KnowItAll is an unsupervised learning system developed by researchers at the University of Washington. It can extract information in two stages (Etzioni et al., 2005). This is done without any manual tagging techniques by using three distinct methods to recognize and classify named-entities. KnowItAll uses Pattern Learning to learn category-specific patterns and rules to extract entities, Subclass Extraction to identify subclasses of a broader entity, and List Extraction to create lists of instances of entities. It further uses a search engine to validate that a string is a named-entity, “treating the Web as a massive corpus of text” (Etzioni et al., 2005). This system has two parts: an Extractor and an Assessor. The Extractor uses given rules to create possible strings of entities, searches them using search engines, and uses the rules to extract information from the resulting web pages. The Assessor then computes the probability that extracted information is correct before adding it to the knowledge base of KnowItAll. Because KnowItAll is unsupervised, it can “recursively discover new relations, attributes, and instances in a fully automated, scalable manner” (Etzioni et al., 2005). The results of this research study revealed that entities are easily recognizable but are often misclassified with the wrong tags. While this research project does not directly pertain to NER in social media, it introduced the idea of using an online knowledge base of data that is improved by subsequent discussed research.

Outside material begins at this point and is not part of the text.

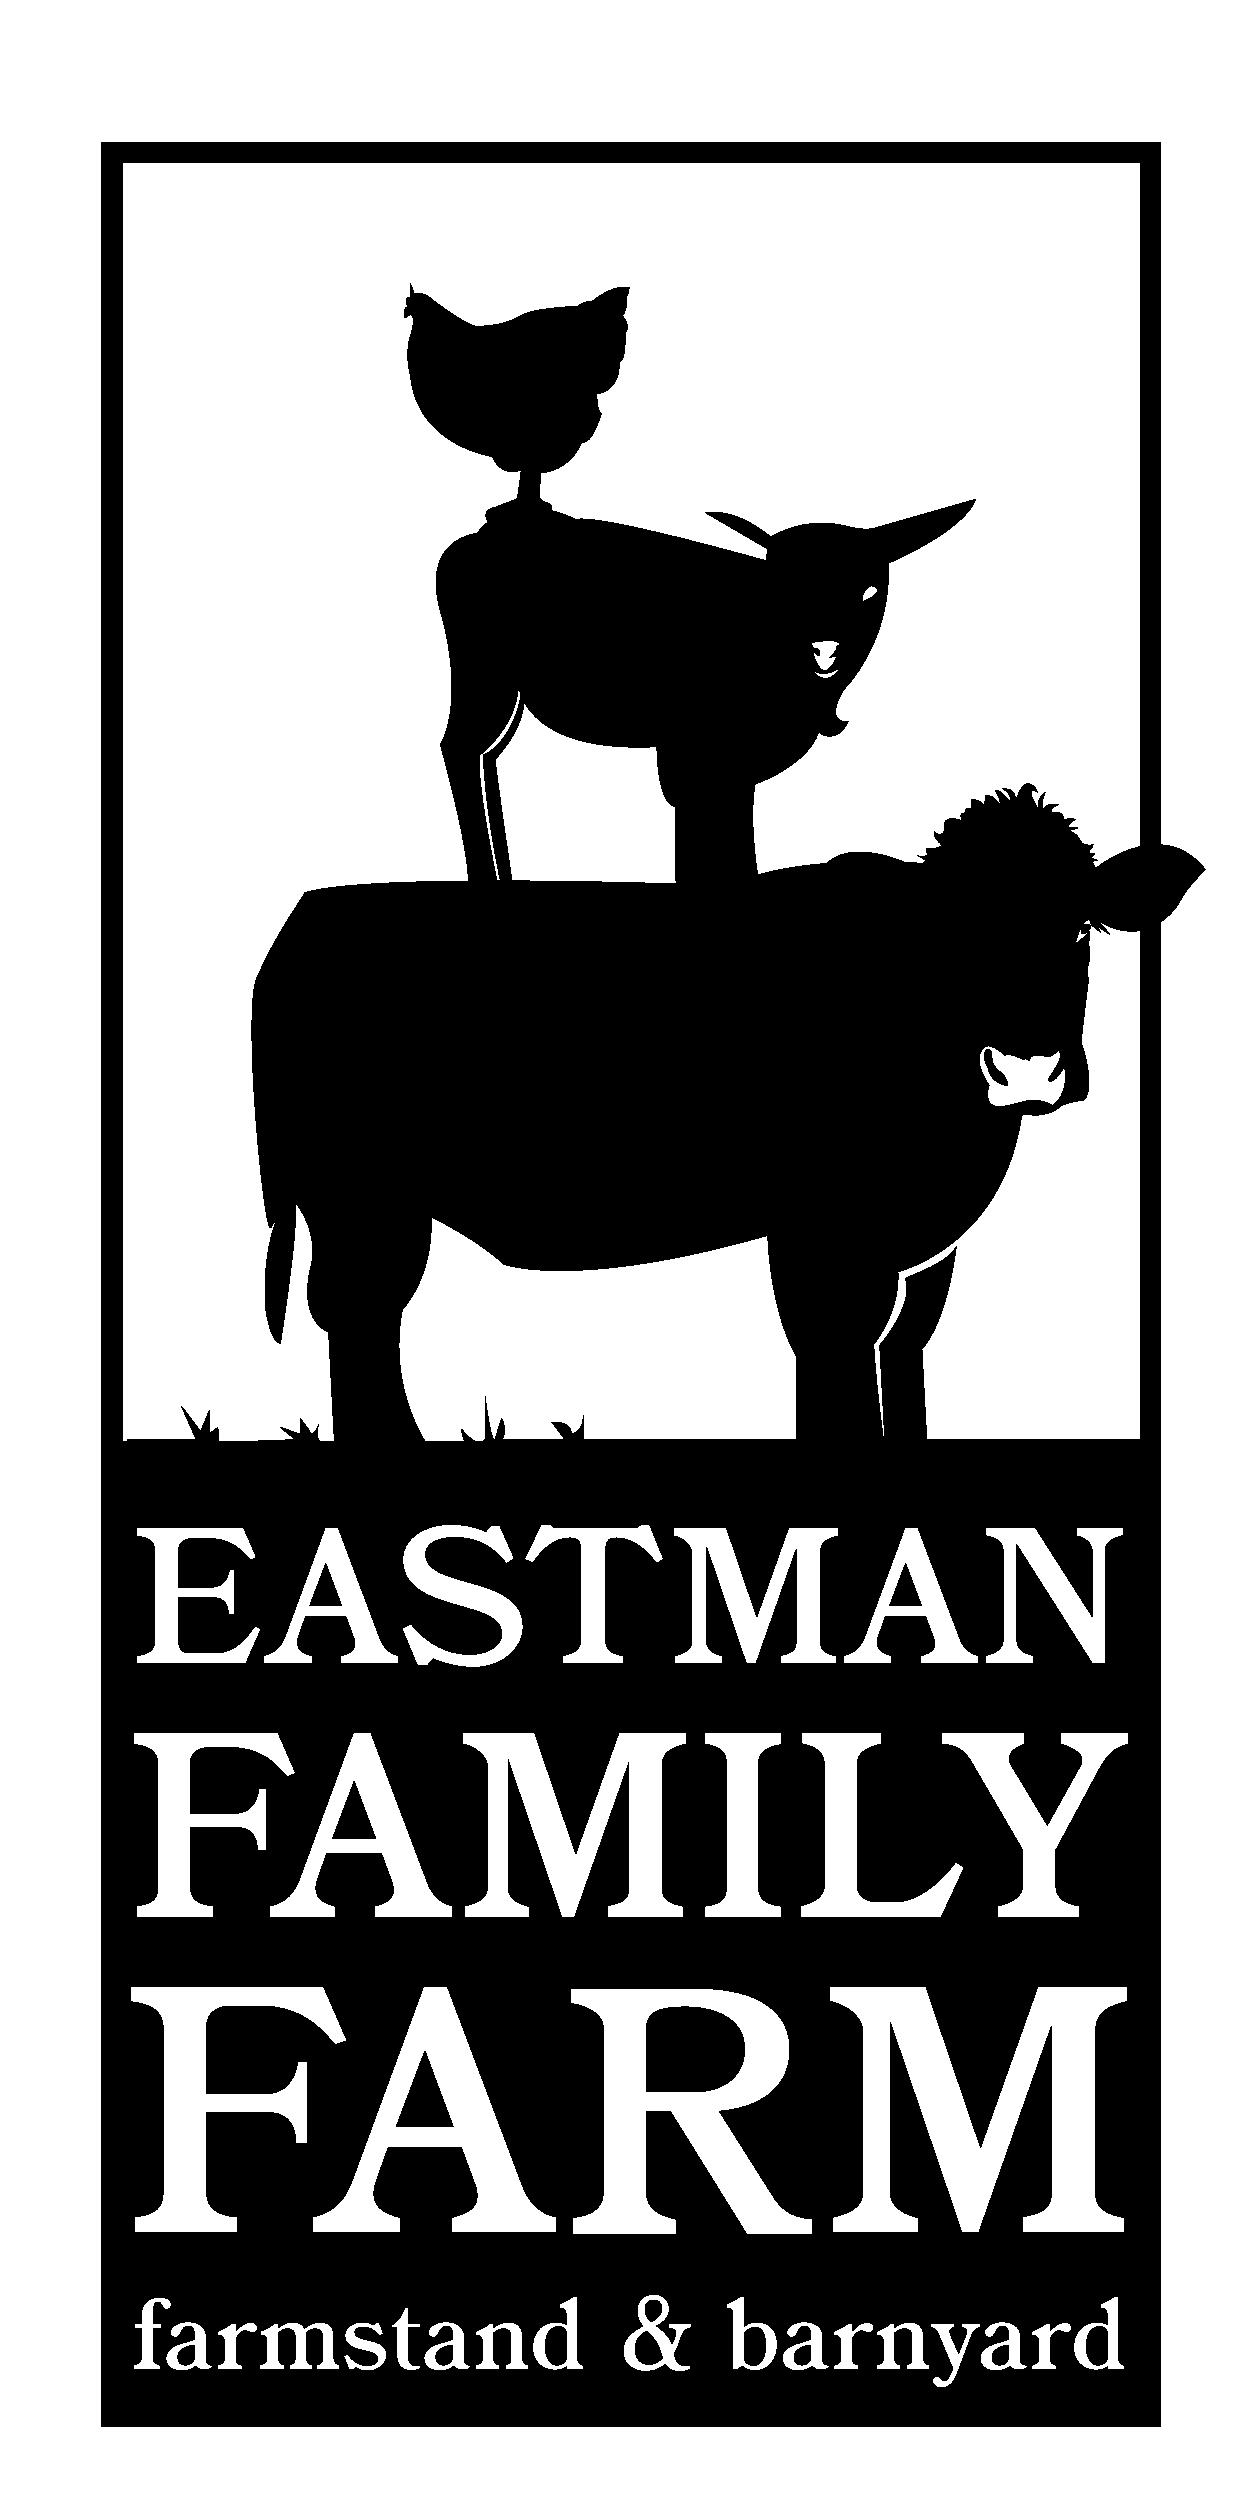 Eastman-Family-Farm-LogoB&W-03.png

Research regarding semi-supervised learning models has developed by improving on previous published approaches. In 2011, Liu et al. of the Harbin Institute of Technology first presented a system for analyzing tweets that combined a KNN classifier and and CRF labeler to label every word in a tweet. KNN, or K-Nearest Neighbors, is an algorithm that recognizes a named-entity by determining how similar it is to previously stored named-entities by using distance functions. KNN captures global coarse evidence that is useful for future tweets and is faster at retraining its statistical models when it encounters new entities. This is because KNN uses “word-level classification, leveraging the similar and recently labeled tweets” (Liu et al., 2013). A CRF (Conditional Random Field) labeler is a semi-supervised procedure that uses a graph structure to determine the conditional probability of a sequence of words (McCallum & Li, 2003). CRF is successful at understanding “the subtle interactions between words and their labels” (Liu, 2013). The hybrid approach of using the KNN classifier and the CRF label is effective at recognizing named entities, but this model has to constantly be retrained when it encounters newer types of entities.

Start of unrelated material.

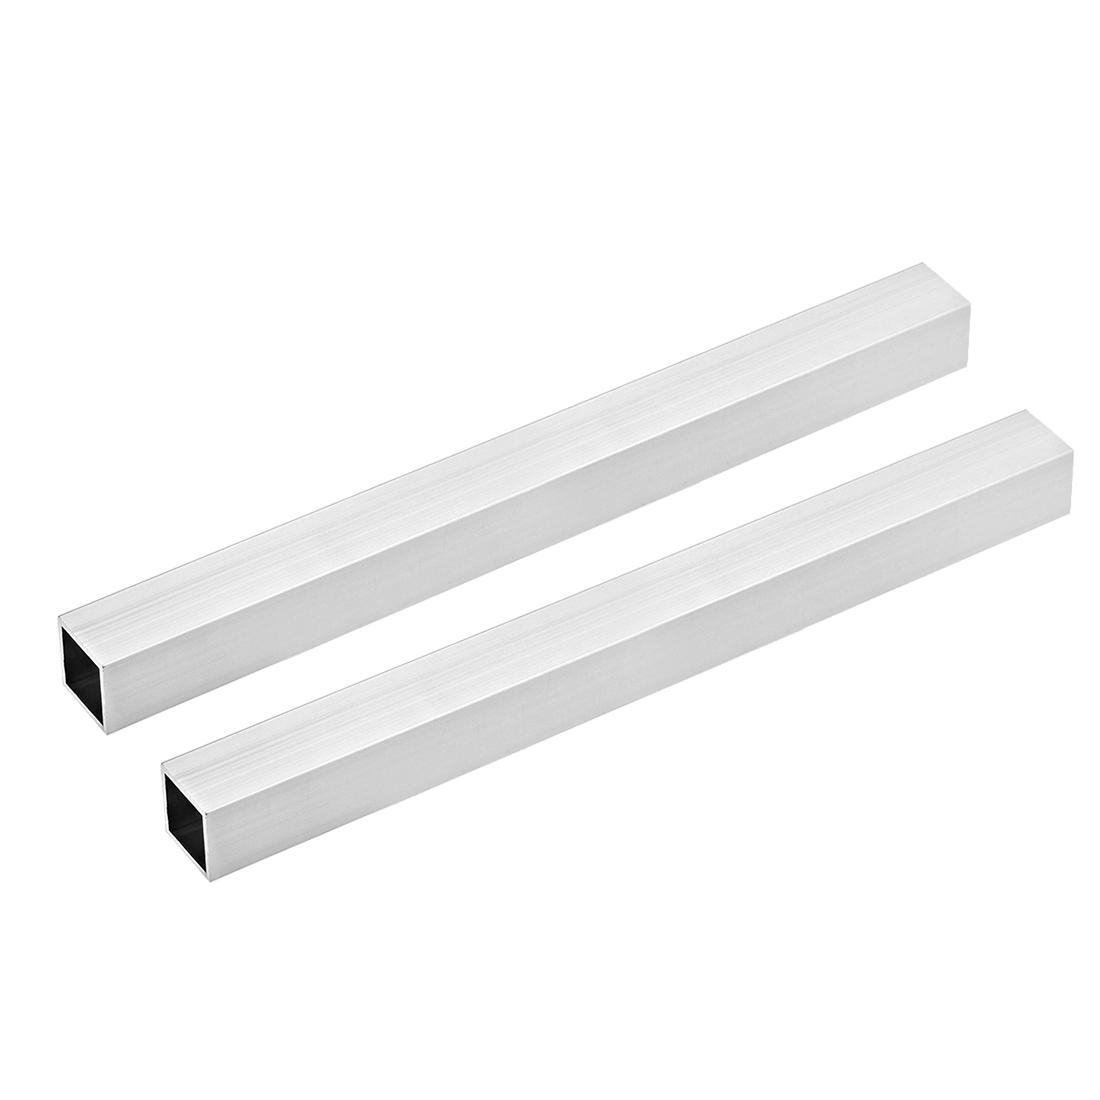 6063 Aluminum Square Tube 25mmx25mmx1.5mm Wall Thickness 300mm Long Tubing 2 Pcs

Later research introduced a targeted approach to named-entity recognition (Ashwini & Choi, 2014). This project focused on entities more commonplace on social media, such as movies, TV shows, and sports. The researchers created a targeted set of movie titles from tweets collected over three months. Tweets were normalized, possible candidates for named-entities referring to movies were identified, and each candidate was classified as an entity or not by using manual tagging. Then this base of data was used to identify entities in a larger collection of tweets. Results showed that this model was unbiased to any particular targeted set, and statistical models do not need to be retrained as they did with K-Nearest Neighbors. This is useful when target sets frequently are updated.

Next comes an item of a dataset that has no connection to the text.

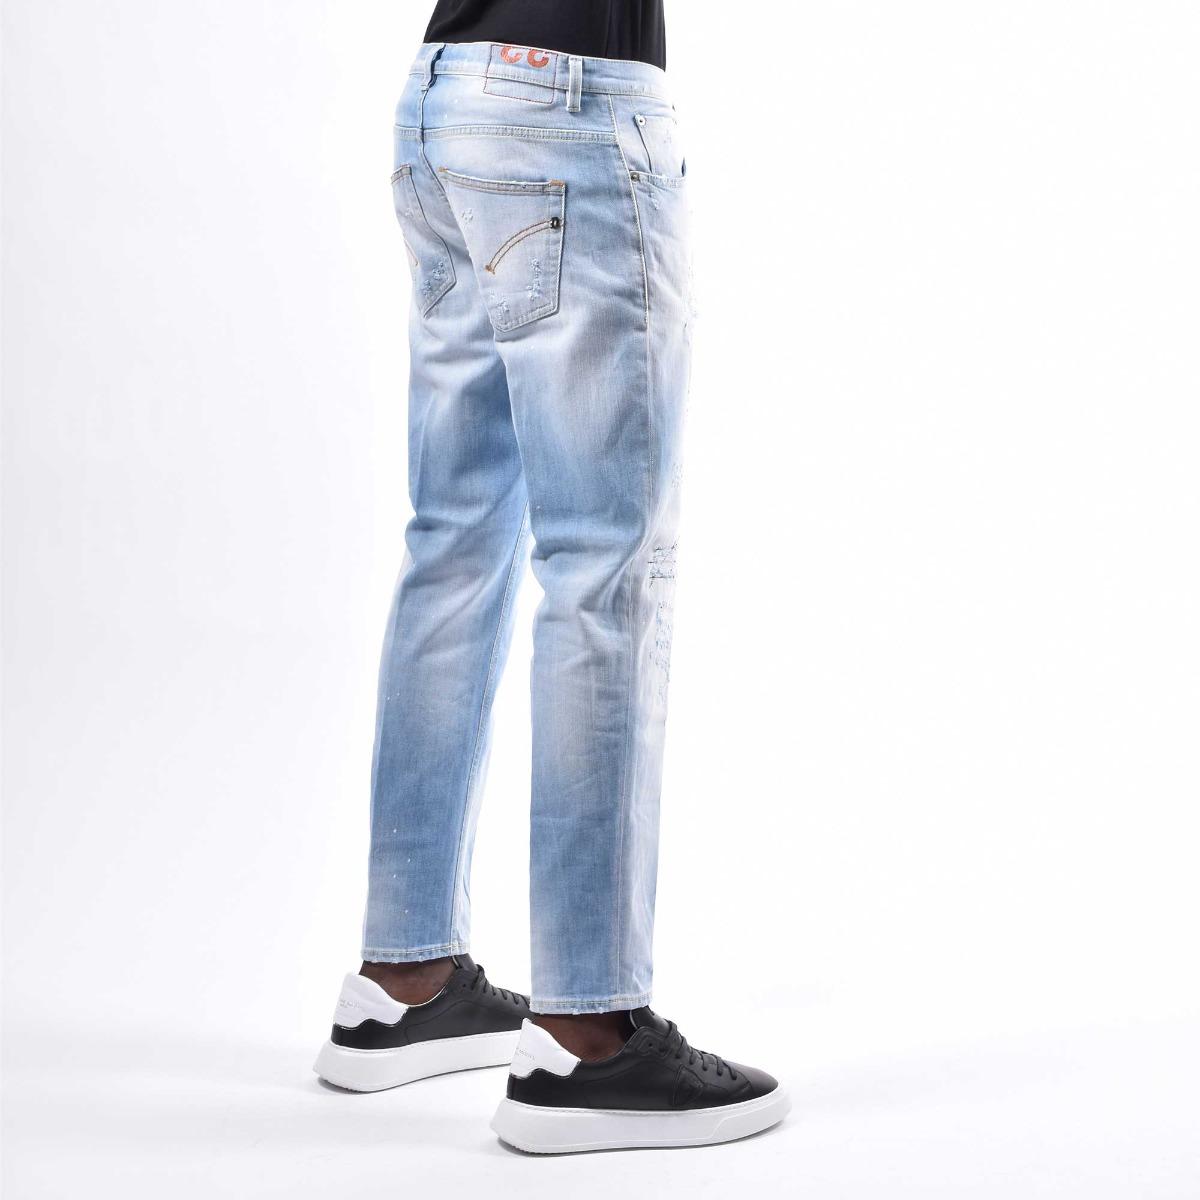 Jeans brighton rotture - Denim chiaro

Another semi-supervised NER approach created a Wikipedia-style Knowledge Base (KB) to recognize a wide assortment of named-entities. Gatani, et al. described a system that also extracted, linked, and classified social media data (2013). Entities were extracted by locating strings in the text of tweets that referred to predefined categories created by the researchers. Potential named-entities were linked to concepts and instances in the Knowledge Base. The KB was built by using a hierarchy of concepts similar to Wikipedia's organization system. A node structure is used to determine the topic and context of entity and tweets were tagged based on entities mentioned. This Knowledge Base is frequently updated so that it continues to be accurate with newly defined and created named-entities. Gatani, et al. tested compared their new approach with the standard formal text-based Stanford Named Entity Recognizer and OpenCalais and found that the KB strategy was more effective for social media posts. The Stanford NER had fewer predefined categories which would not be specific enough for social media analysis. The proposed system had better F1 scores than that of OpenCalais, with greater accuracy of entity extraction and classification but not tagging. They also noted that the solution to classifying tweets using KNN classifiers and CRF labelers by Liu, et al. only extracts one person, organization, and location entity, while their model allows for a large number of entity types that link back to their Knowledge Base.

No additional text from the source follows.